After getting home from work tonight I made myself a drink. It was a sidecar, which was delicious. Two of the three ingredients of the sidecar are not in my basic bar setup (or weren’t, Cointreau has convinced me of the value a good orange liqueur, there will be no decent into triple sec). Drink in hand, I sat down for a good long read.

This went well, but after a while, I felt like getting another drink. I didn’t want another cocktail, but my options after that were limited. I didn’t feel like scotch, which is my usual non cocktail standby. Then I realized that there was beer in the refrigerator. For whatever reason, I have not been drinking much beer at all. I don’t know that I’d had a beer in months. Normally in the winter I’ll have a few stouts and porters. I always feel that these are good beers to try out. I rarely return to one or another, there are simply too many varieties to be pinned down to one winter beer.

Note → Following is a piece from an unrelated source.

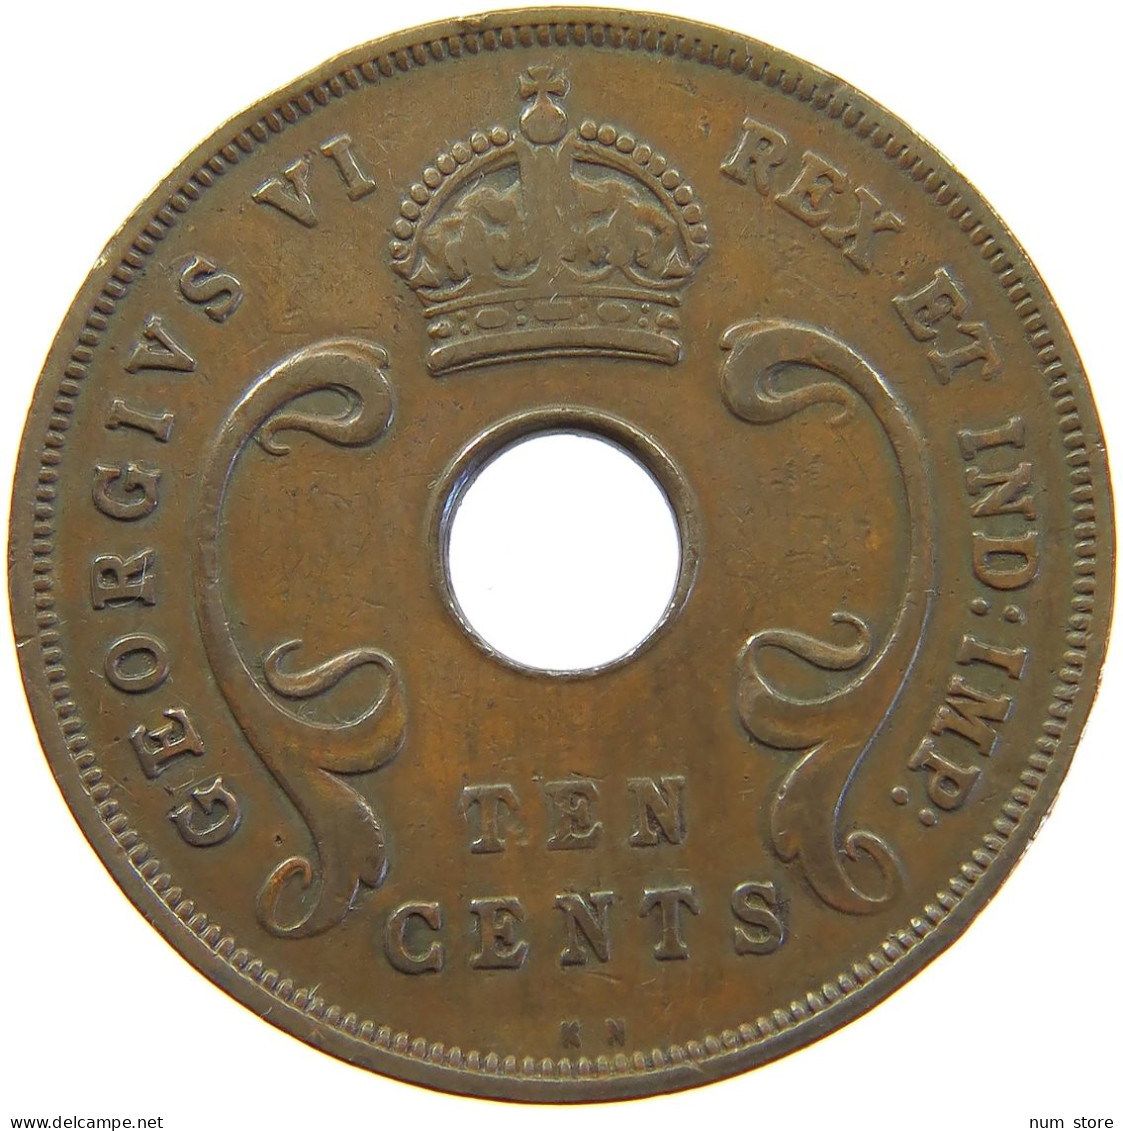 EAST AFRICA 10 CENTS 1939 GEORGE VI. (1936-1952) #MA 065515 - British Colony

A friend had brought over a six pack on my birthday. I was Stella Artois, a beer I have spent most of my life mocking. The ads they show in the local movie theaters have not helped this cause. Still, there were four bottles, and lacking another alternative, I opened one. It was then that I was reminded why I don’t like Stella. It is my considered opinion that Stella Artois is not beer. It is Eurosweat. If you were to tour the brewery, you would find many large hary Europeans with funnels attached to them. These funnels would carry their sweat, soon to be labeled “Stella Artois” into a vat, for processing.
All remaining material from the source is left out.